Bitcoin ETFs experienced a remarkable resurgence this week, reporting their most significant capital injection of 2025 following inconsistent fund activity. This upswing coincides with Bitcoin’s (BTC) soaring price, setting its sights on a fresh record high (ATH) after a powerful surge at the start of October, dubbed “Uptober.”
Bitcoin ETFs Attract Over $3 Billion This Week
Data from SosoValue reveals that these investment vehicles accumulated a net inflow of $3.24 billion this week, marking the largest weekly influx seen so far this year. This performance is second only to the week ending November 22 of last year, when inflows reached $3.38 billion, making it the second-best week since their launch.
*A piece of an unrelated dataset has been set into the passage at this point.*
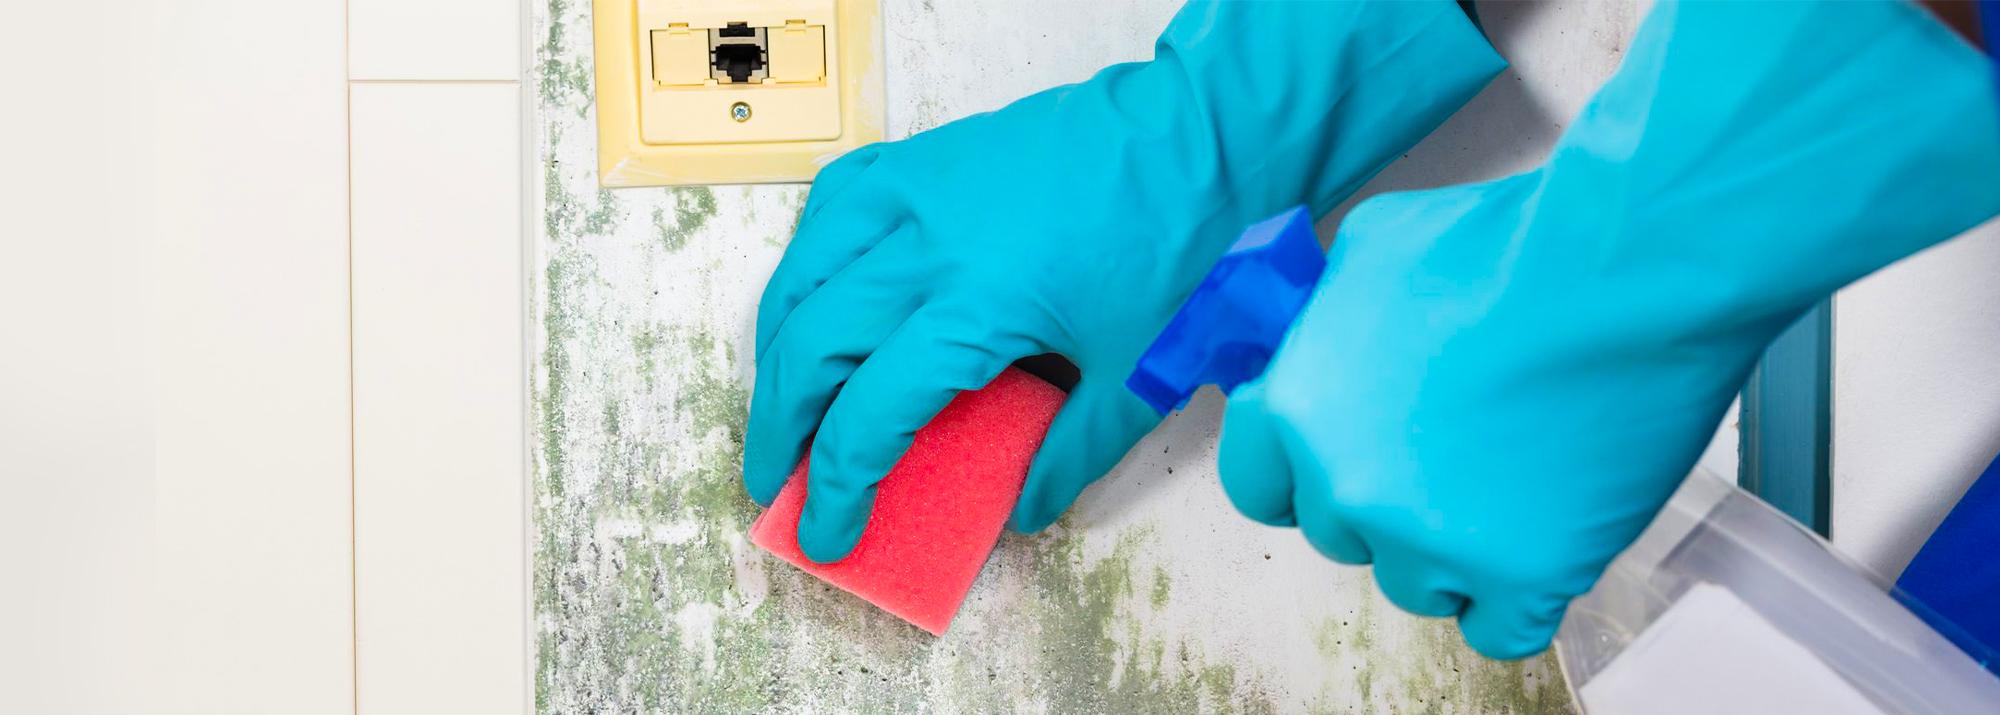 Descubra o que fazer para tirar bolor e mofo das paredes da sua casa

Earlier reports indicated that Bitcoin ETFs took in $2.2 billion between Monday and Thursday of this week. An additional $985 million flowed in on Friday, pushing the weekly total to $3.24 billion.
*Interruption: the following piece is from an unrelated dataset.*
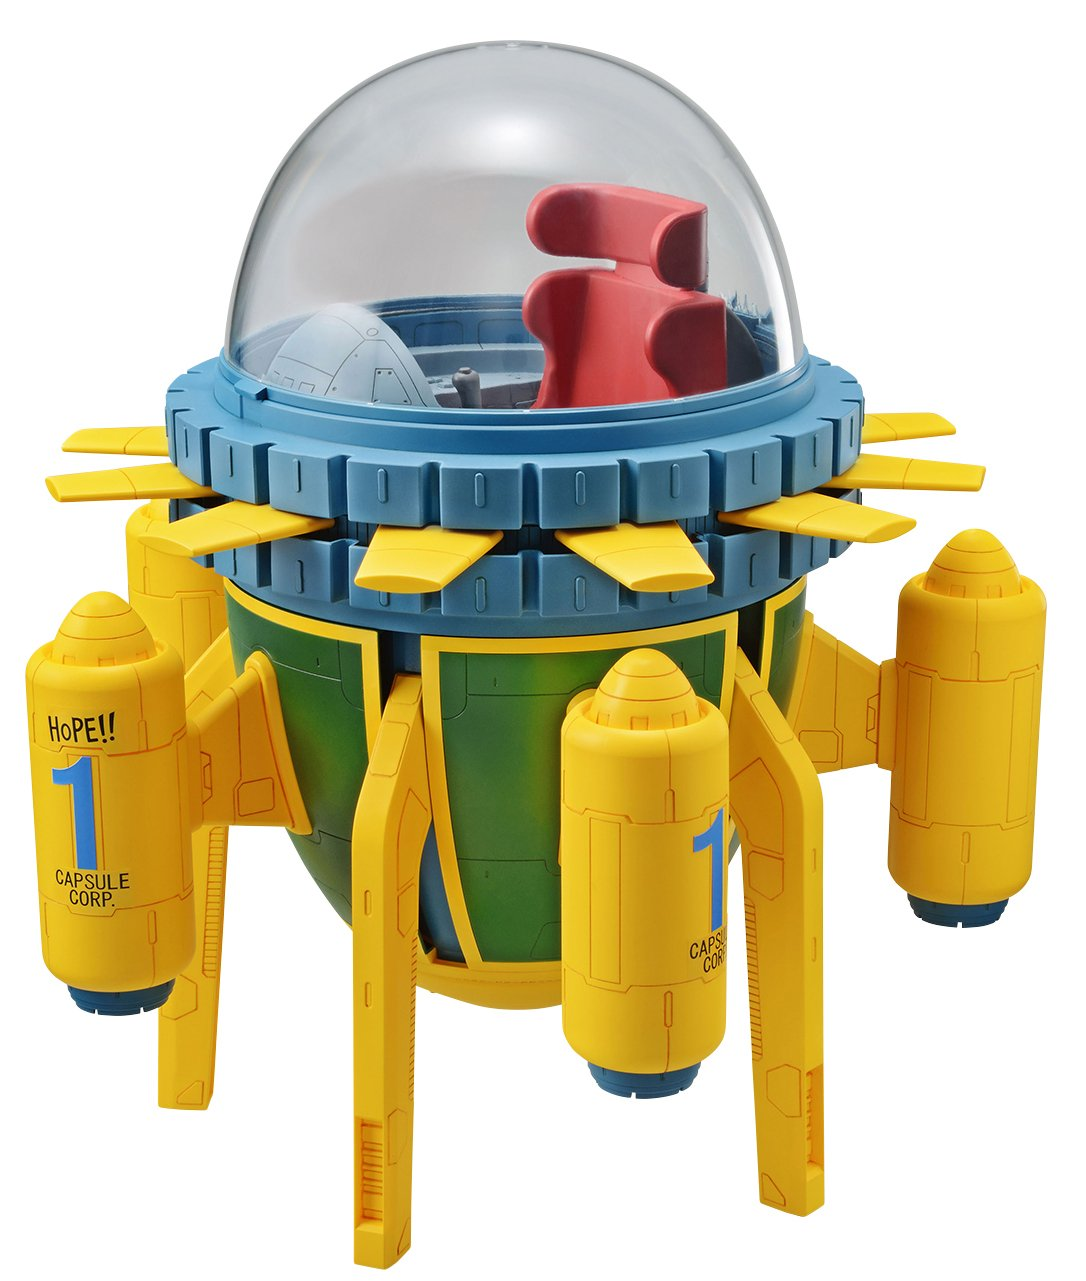 Bandai Hobby Figure-Rise Mechanics Trunks Time Machine Dragon Ball Z Maquina del Tiempo Maqueta [Requiere Montaje] 300mm Bluefin Distribution Toys us toys BAN216395

Notably, the $985 million net inflow recorded on Friday represents the second-largest single-day gain, surpassed only by the $987 million registered on January 6 at the start of the year. This strong week follows a period of net outflows amounting to $902 million the previous week.
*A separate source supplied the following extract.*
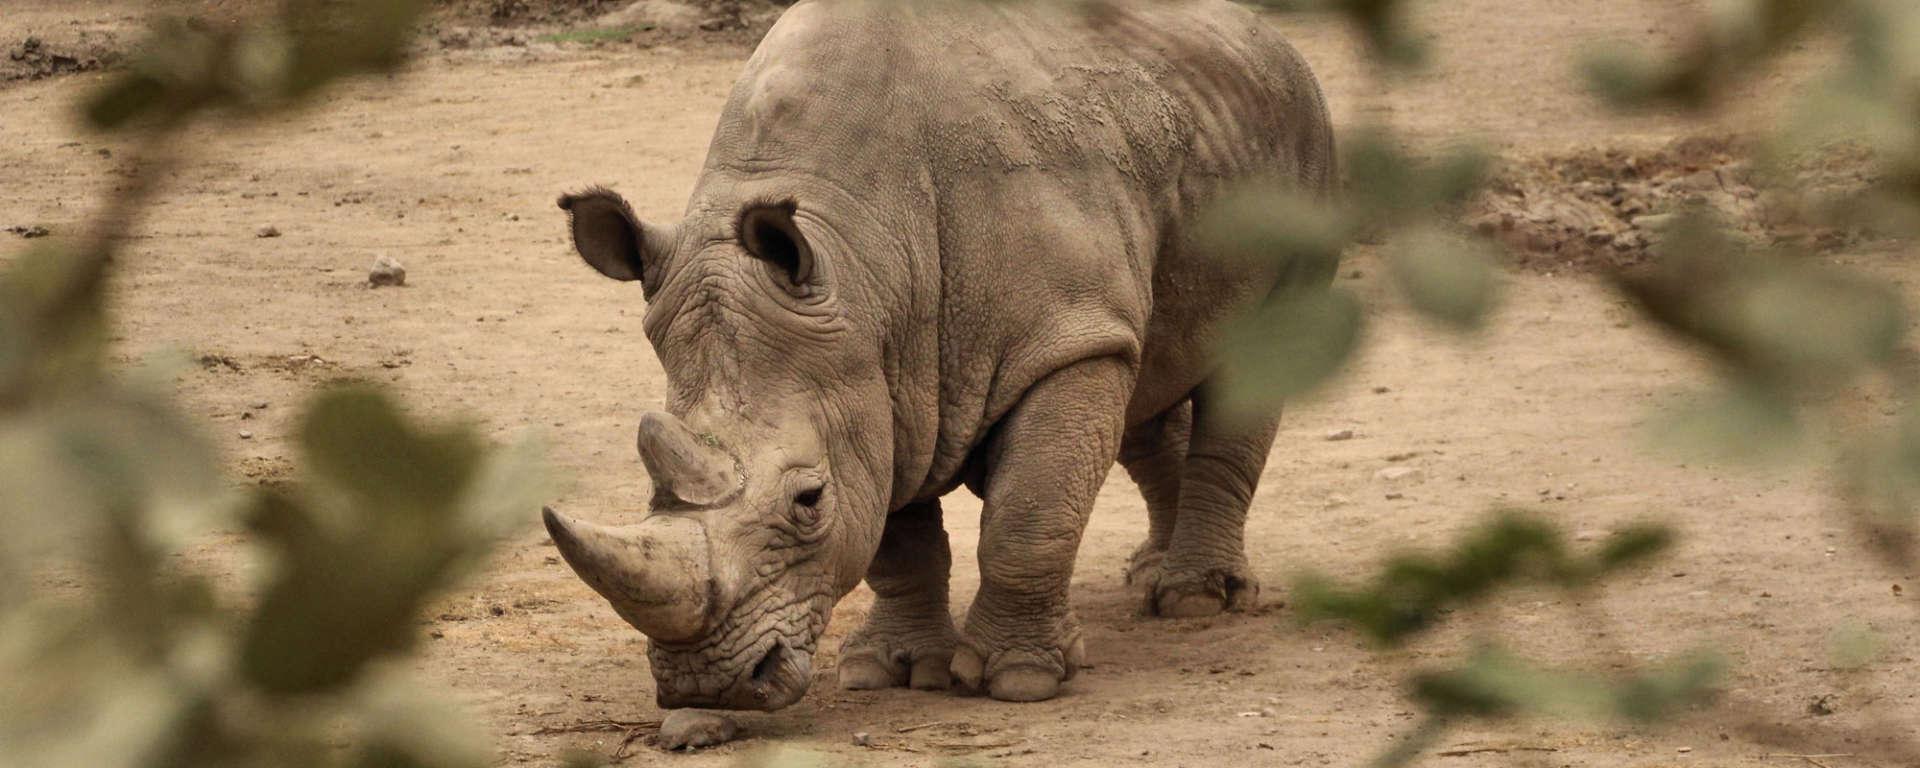 rhino by pat and david tollefson

The impressive influx into Bitcoin ETFs aligns with Bitcoin’s price surge at the beginning of the month. The leading cryptocurrency has already gained over 7% in October, historically its second-strongest month.
BTC Aims for New All-Time Peak
Fueled by this upward momentum, Bitcoin is now trading just shy of its all-time high (ATH) of $124,400, having reached a peak of $124,000 recently. The inflows into BTC funds are believed to be a significant factor contributing to the current positive market sentiment.

Besides the Bitcoin ETF inflows, market observers suggest the possibility of another Federal Reserve rate cut this month during the upcoming FOMC meeting is also playing a role. The likelihood of a rate reduction has increased to over 90% following a weaker-than-anticipated ADP jobs report released earlier in the week.
Furthermore, analysts at JPMorgan point to the continuing “debasement trade,” where investors are turning to Bitcoin and gold as a buffer against inflation and macroeconomic instability, including the ongoing U.S. government shutdown. The investment bank forecasts that Bitcoin could potentially rise to $165,000 by the end of the year.
Standard Chartered has predicted Bitcoin soaring towards $135,000, spurred by the Bitcoin ETF surge, as more institutional investors embrace the digital asset as a hedge. The bank has also forecasted $200,000 by year’s end.
Citigroup offered a more measured outlook, anticipating Bitcoin reaching $132,000 by year-end. The firm foresees positive inflows into BTC continuing, driven by increased cryptocurrency investments from institutional investors and financial advisors.